Construct validity of the PHQ-9 as a measure of depression severity was assessed by examining functional status (the 6 SF-20 scales), disability days, symptom-related difficulty, and health care utilization (clinic visits) over the 5 PHQ-9 intervals. Analysis of covariance was used, with PHQ-9 category as the independent variable and adjusting for age, gender, race, education, study site, and number of physical disorders. Bonferroni's correction was used to adjust for multiple comparisons.


Reliability and Efficiency of the PHQ-9

The internal reliability of the PHQ-9 was excellent, with a Cronbach's α of 0.89 in the PHQ Primary Care Study and 0.86 in the PHQ Ob-Gyn Study. Test-retest reliability of the PHQ-9 was also excellent. Correlation between the PHQ-9 completed by the patient in the clinic and that administered telephonically by the MHP within 48 hours was 0.84, and the mean scores were nearly identical (5.08 vs 5.03).

In 85% of cases clinicians required less than 3 minutes to review responses on the full 3-page PHQ,5 which consists of 5 modules and 28 to 58 items (depending upon the number of skip-outs). Although time to review the PHQ depression items was not measured separately, it is unlikely this took more than a minute, since the PHQ-9 includes less than one third of the items contained in the full PHQ.
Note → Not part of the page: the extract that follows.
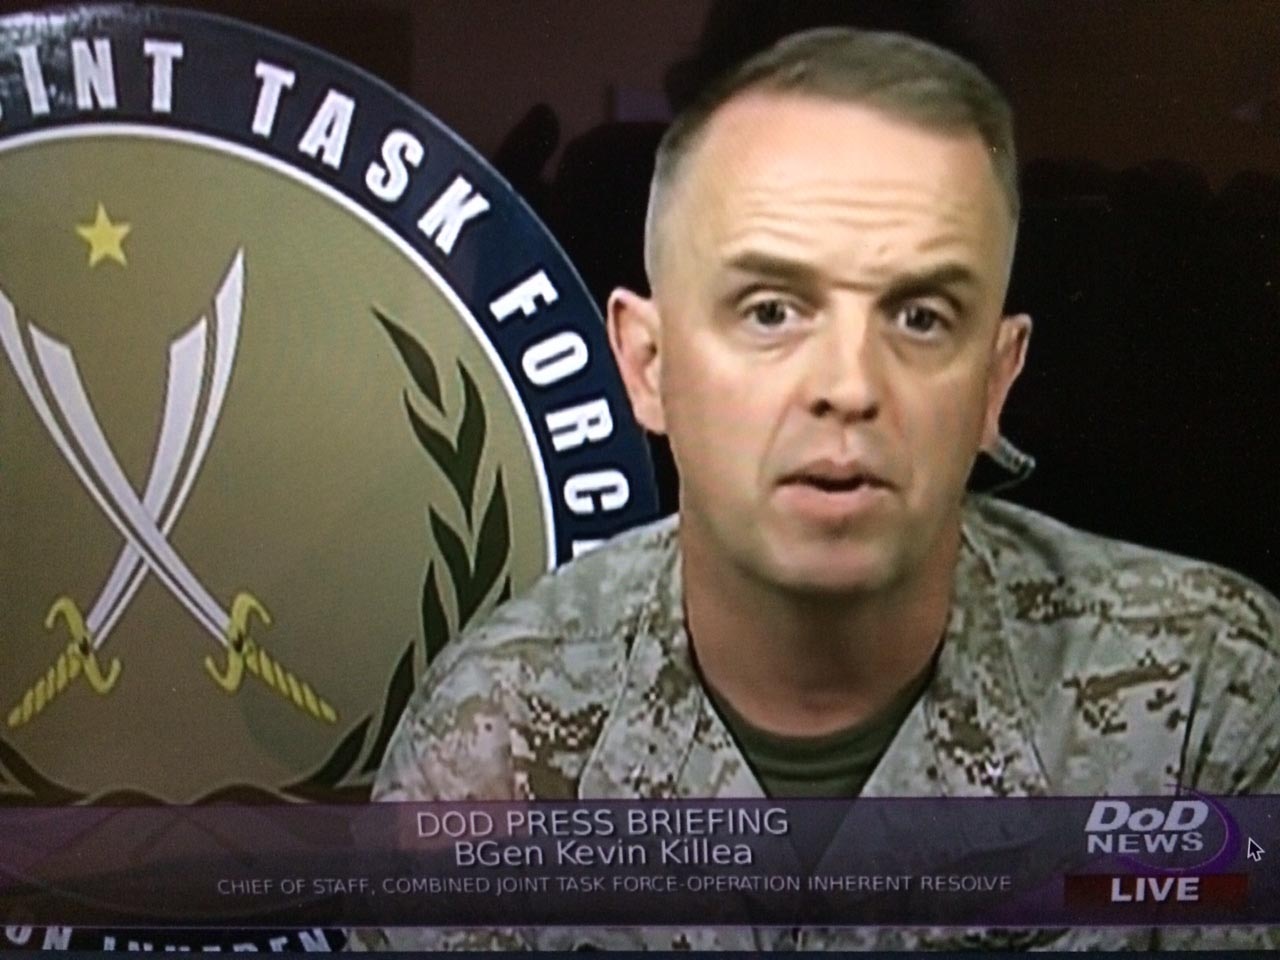 Marine Corps Brig. Gen. Kevin J. Killea, chief of staff of Combined Joint Task Force-Operation Inherent Resolve, briefed Pentagon reporters live via video teleconference from Southwest Asia, Sept. 4, 2015, on the subject of anti-ISIL operations in Iraq. DoD screen shot by Cheryl Pellerin

Distribution of PHQ-9 Scores According to Depression Diagnostic Status

Table 2 shows the distribution of PHQ-9 scores according to depression diagnostic status in the 580 patients interviewed by a mental health professional who was blinded to the PHQ-9 results. The mean PHQ-9 score was 17.1 (SD, 6.1) in the 41 patients diagnosed by the MHP as having major depression; 10.4 (SD, 5.4) in the 65 patients diagnosed as other depressive disorder; and 3.3 (SD, 3.8) in the 474 patients with no depressive disorder. The vast majority of patients (93%) with no depressive disorder had a PHQ-9 score less than 10, while most patients (88%) with major depression had scores of 10 or greater. Scores less than 5 almost always signified the absence of a depressive disorder; scores of 5 to 9 predominantly represented patients with either no depression or subthreshold (i.e., other) depression; scores of 10 to 14 represented a spectrum of patients; and scores of 15 or greater usually indicated major depression.

Table 2
Distribution of PHQ-9 Scores According to Depression Diagnostic Status*

Criterion Validity of PHQ-9 Assessed by Mental Health Professional Interview

Because PHQ-9 scores in the 10 to 15 range appear to represent an important “gray zone,” we conducted a more detailed examination of the operating characteristics of various cut points in this range. Table 3 displays the sensitivity, specificity, and likelihood ratios for different PHQ-9 thresholds in diagnosing major depression in the 580 patients who had a MHP interview. For example, a patient with major depression is 6 times more likely than a patient without major depression to have a PHQ-9 score of 9 or greater and 13.6 times more likely to have a score of 15 or greater. In this sample with a 7% prevalence of major depression (41 out of 580 patients), the positive predictive value for major depression ranged from 31% for a PHQ-9 cut point of 9 to 51% for a cut point of 15.

Table 3
Operating Characteristics of Various PHQ-9 Cutpoints for Diagnosing Major Depression*

Examination of likelihood ratios further confirmed the substantial association between increasing PHQ-9 scores and the likelihood of major depression. The positive likelihood ratios of PHQ-9 scores of 0–4, 5–9, 10–14, 15–19, and 20–27 for major depression were 0.04, 0.5, 2.6, 8.4, and 36.8, respectively. Interpretation of these likelihood ratios means that, for example, a PHQ-9 score in the 0–4 ranges is only 0.04 (i.e., 1/25) times as likely in a patient with major depression compared to a patient without major depression, while a score of 10 to 14 is 2.6 times as likely and a score of 15 to 19 is 8.4 times as likely. The positive likelihood ratio of these same 5 PHQ-9 intervals for any depression (i.e., major or other depressive disorder) was 0.12, 1.3, 4.9, 15.7, and 38.0, respectively.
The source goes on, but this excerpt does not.